Nov 10 2009Tom Cruise threatened to 'beat the living shit' out of wayward Scientologists
Tom Cruise allegedly threatened to "beat the living shit" out of three disobedient Scientologists, according to the NY Daily News:
Marty Rathbun, once one of Miscavige's most trusted lieutenants, tells us he has a witness who can corroborate his account of a bloody beating at the church's 500-acre compound in Hemet, Calif. Furthermore, he's brought it to the attention of Cruise's attorney, Bert Fields.
On the day before the actor's visit a couple of years ago, the compound's managers took part in "the Tom Cruise arrival preparation drill," which required "orchestrating every action they perform ... in the presence of Cruise," Rathbun recently wrote Fields.

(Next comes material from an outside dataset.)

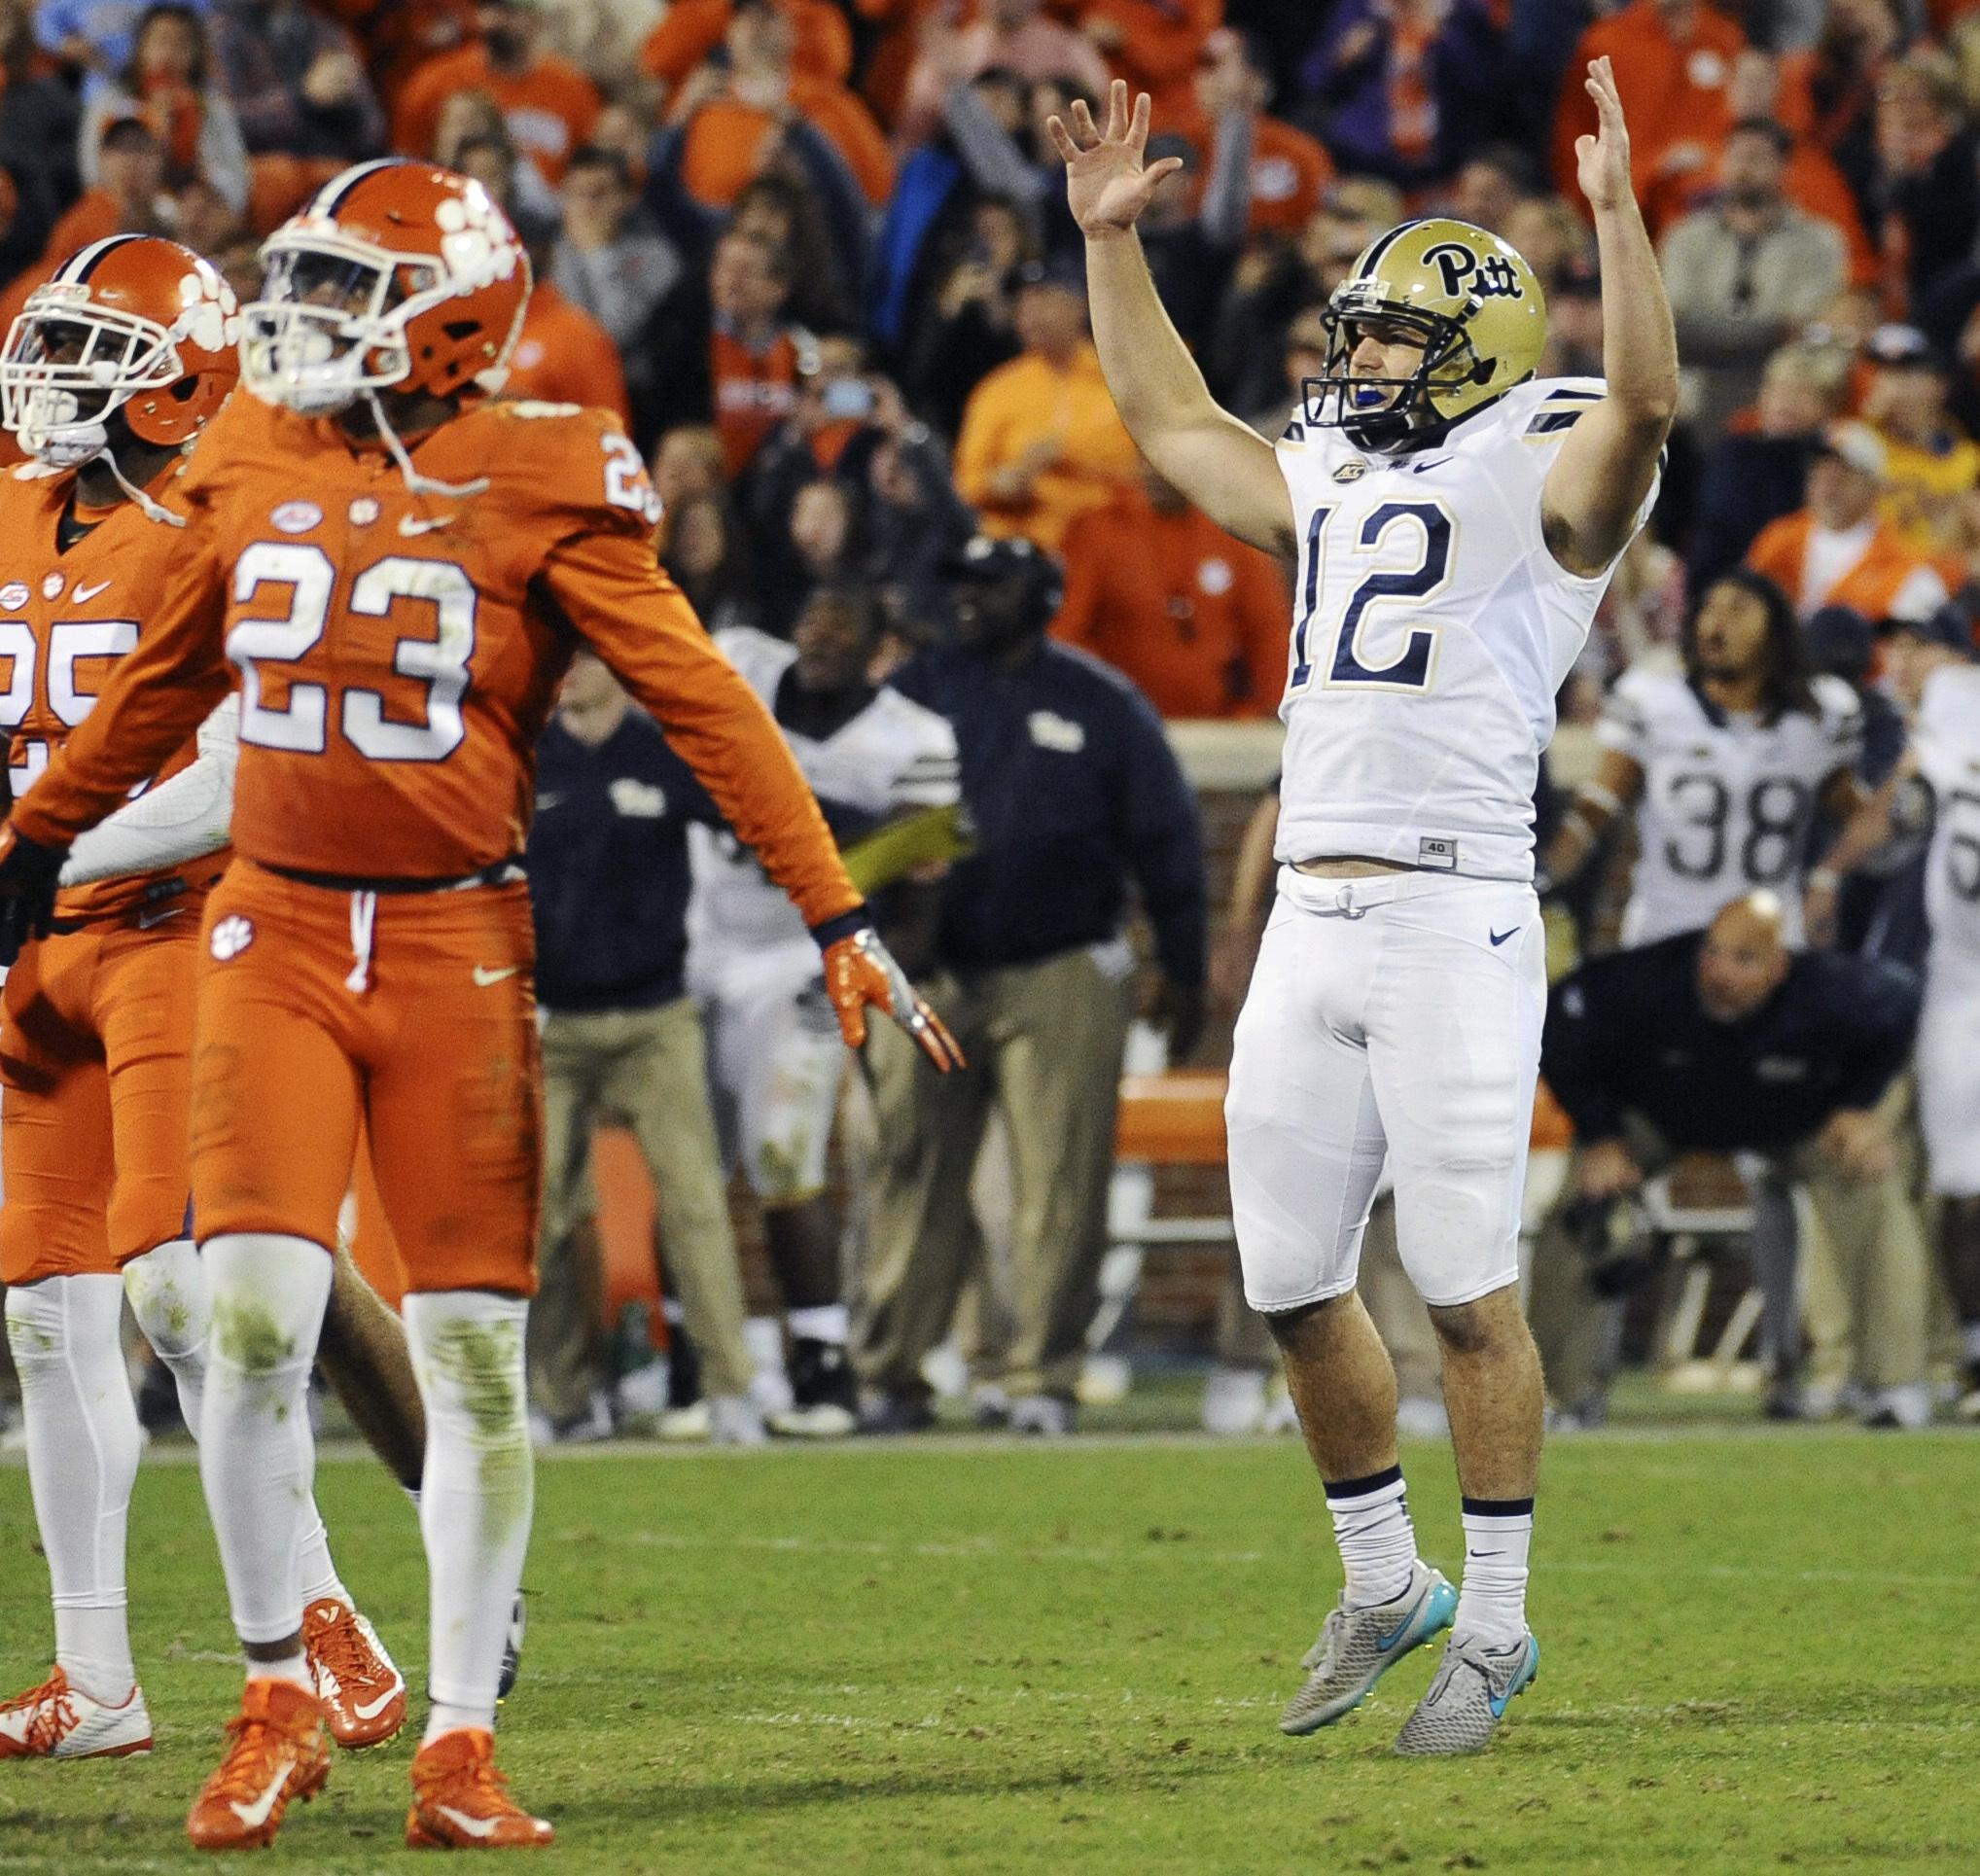 Pittsburgh place kicker Chris Blewitt (12) celebrates after kicking the game-winning field goal in an NCAA college football game against Clemson on Saturday, Nov. 12, 2016, in Clemson, S.C. Pittsburgh won 43-42. (AP Photo/Rainier Ehrhardt)

But Miscavige wasn't happy when he addressed 80 to 100 managers at a prisonlike facility, known as "The Hole," where three insubordinate officials -- Marc Yager, Guillaume Leserve and Ray Mithoff -- were "incarcerated," according to Rathbun.

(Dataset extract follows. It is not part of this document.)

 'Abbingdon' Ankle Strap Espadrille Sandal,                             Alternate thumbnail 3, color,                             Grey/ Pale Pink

"Miscavige berated [the managers] for being far too light in their demands for confessions" from the three, Rathbun alleges in his letter, "because they refused to beat [them] ... to pulps. Miscavige said that Tom ... had vowed to come to the Hole and personally 'beat the living [bleep]' out of Yager, Leserve and Mithoff if the managers failed to do so themselves.
"In response, the mob rushed at the three targeted gentlemen," Rathbun claimed. "Fists flew and feet kicked into the three. They continued to pound until ... each had two black eyes."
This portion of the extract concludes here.